[Directions]
Reproduce word for word every line from the one containing "Tiguan Holiday Bonus" through the end of the listing below; omit the pictures.

[Information shown]
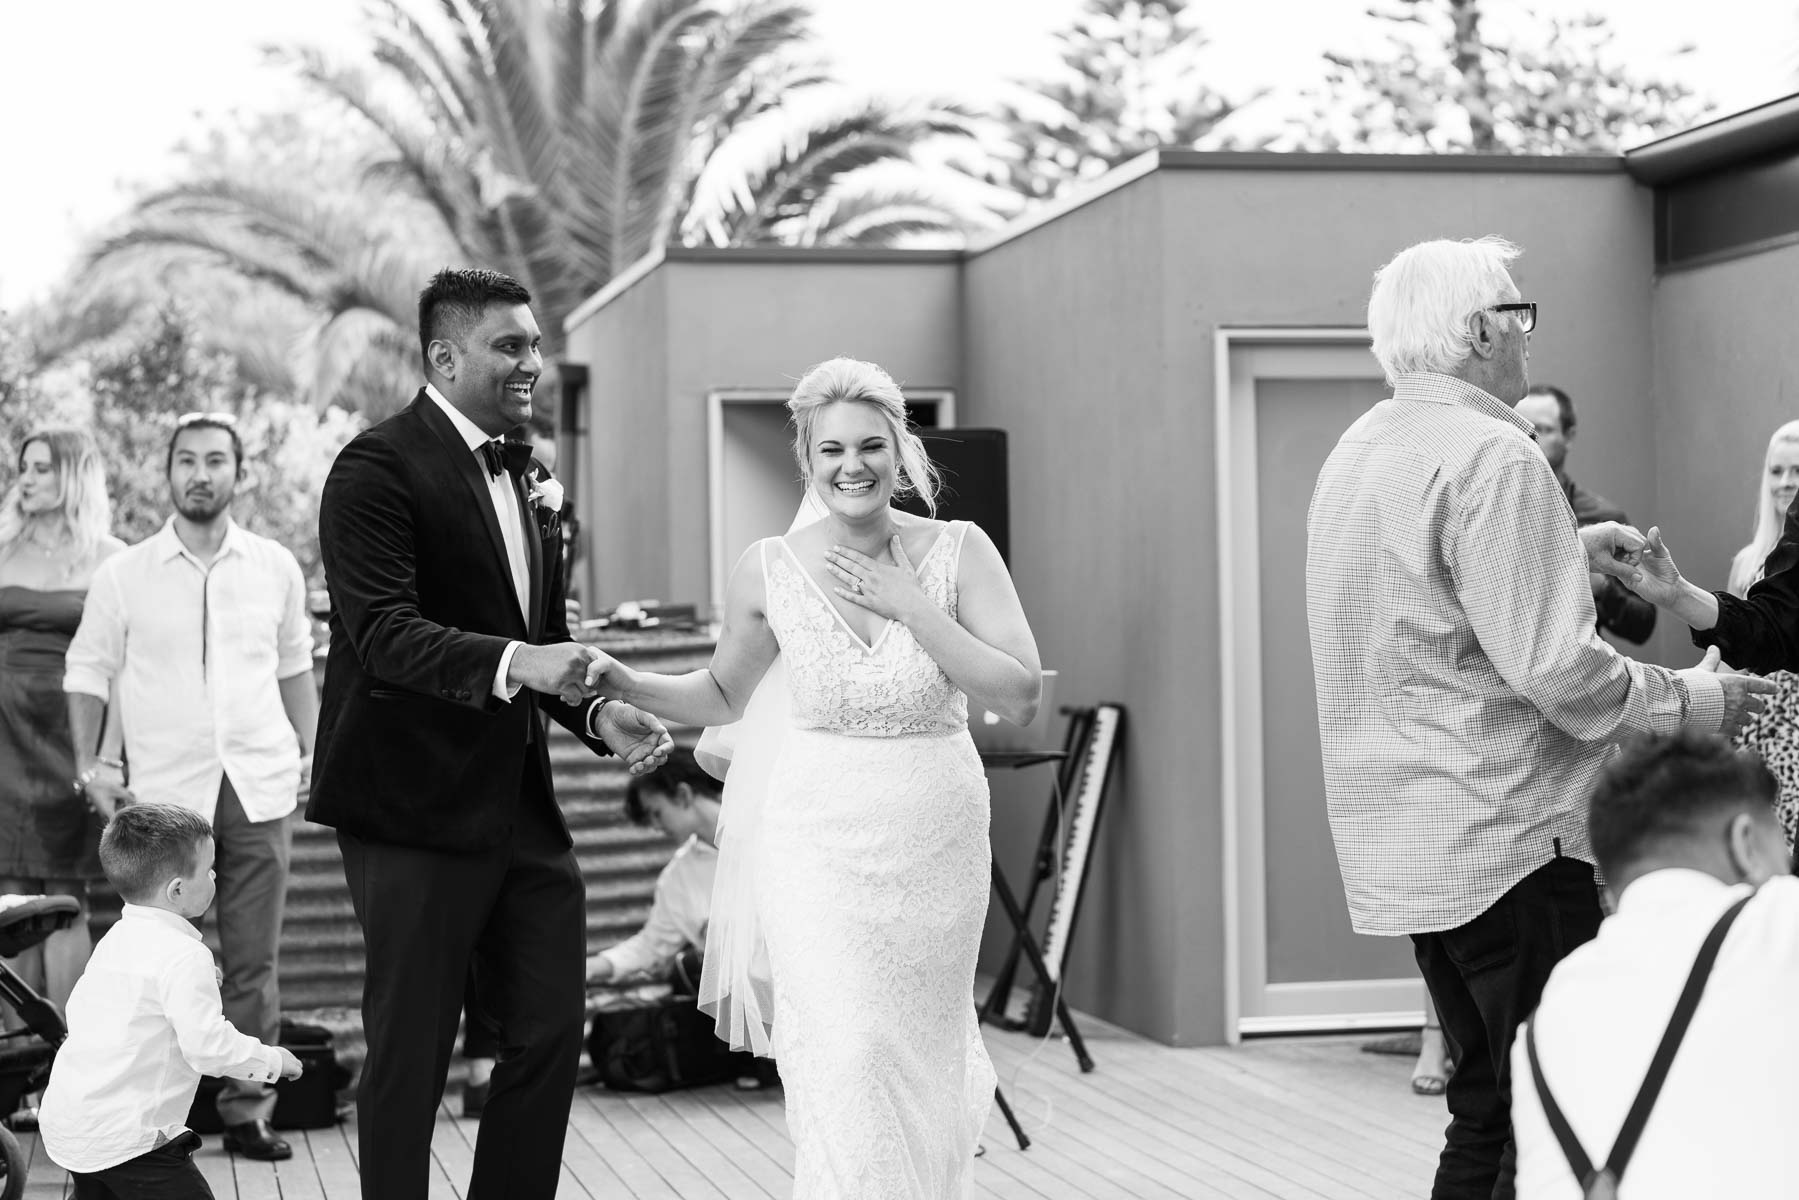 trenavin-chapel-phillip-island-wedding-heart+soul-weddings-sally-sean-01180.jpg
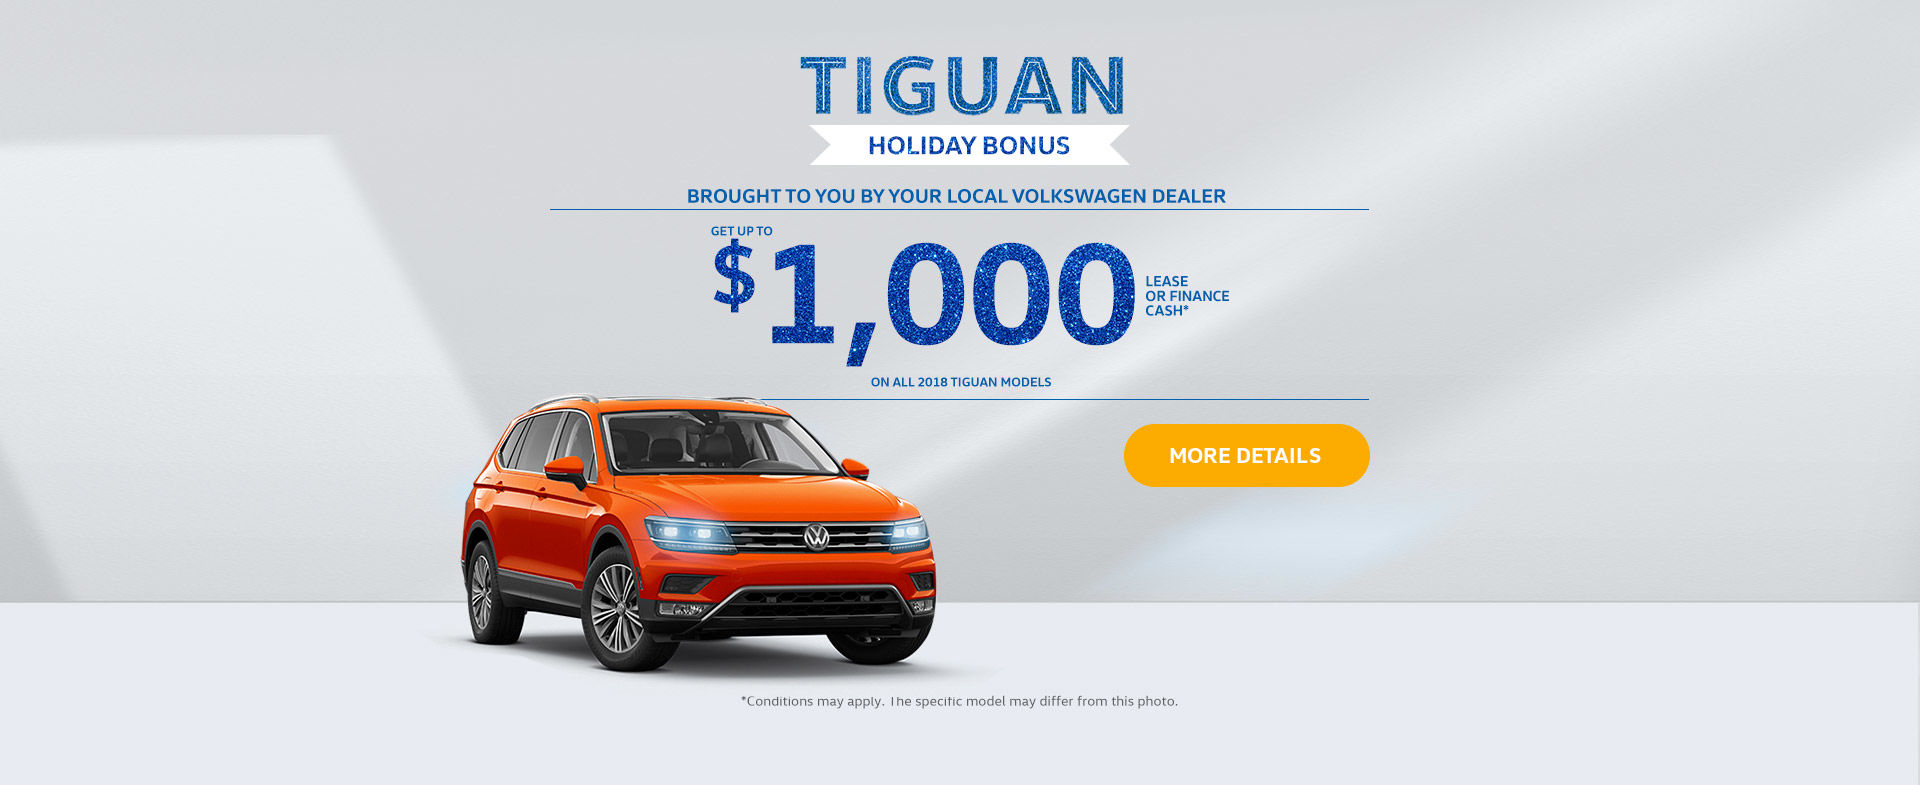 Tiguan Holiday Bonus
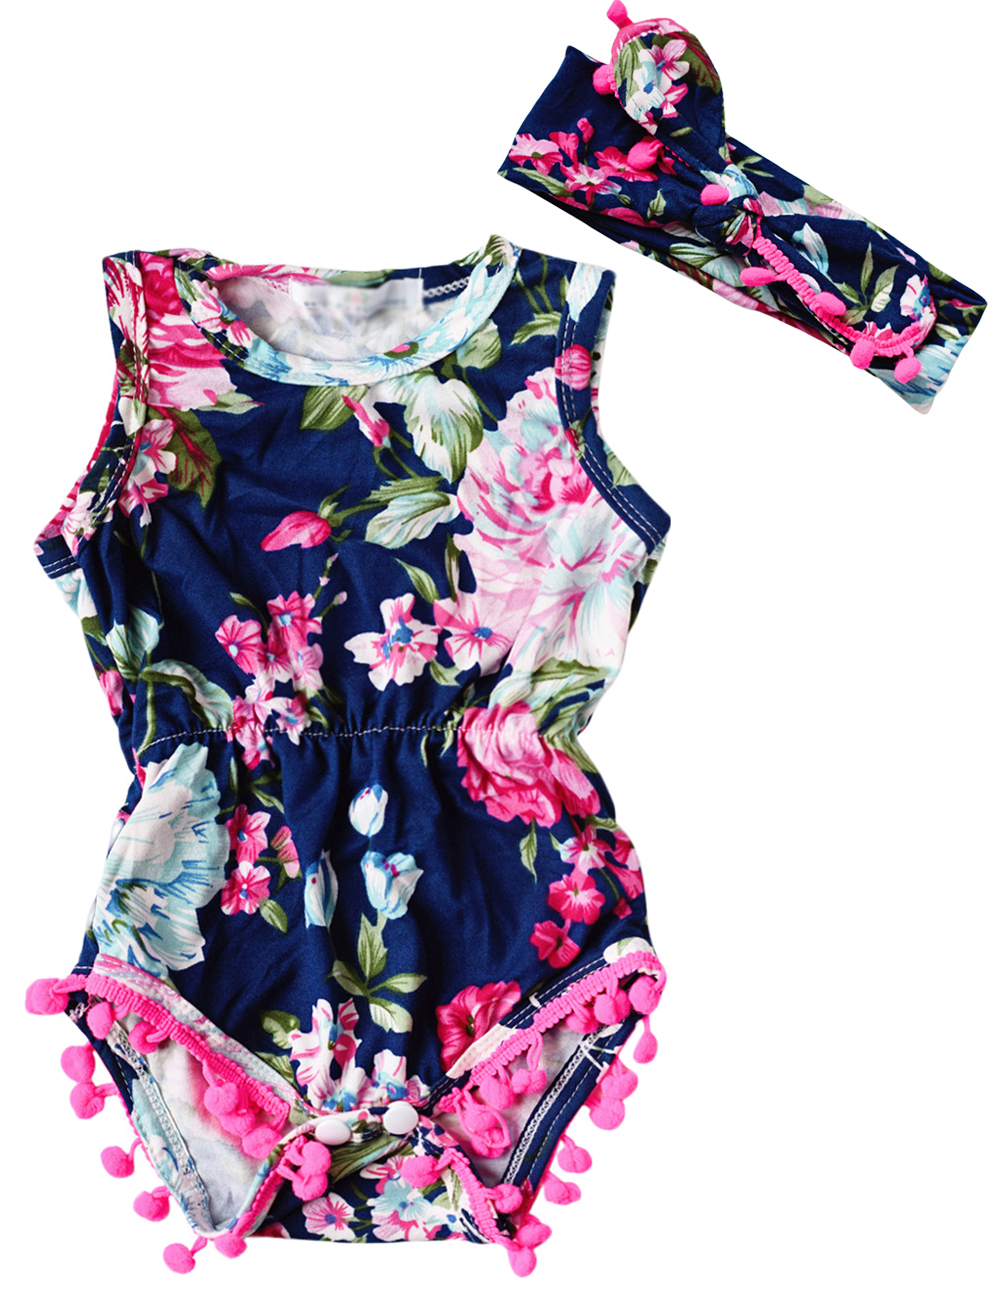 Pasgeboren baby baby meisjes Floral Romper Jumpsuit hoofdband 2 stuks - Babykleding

[Your response]
 Tiguan Holiday Bonus
 Pasgeboren baby baby meisjes Floral Romper Jumpsuit hoofdband 2 stuks - Babykleding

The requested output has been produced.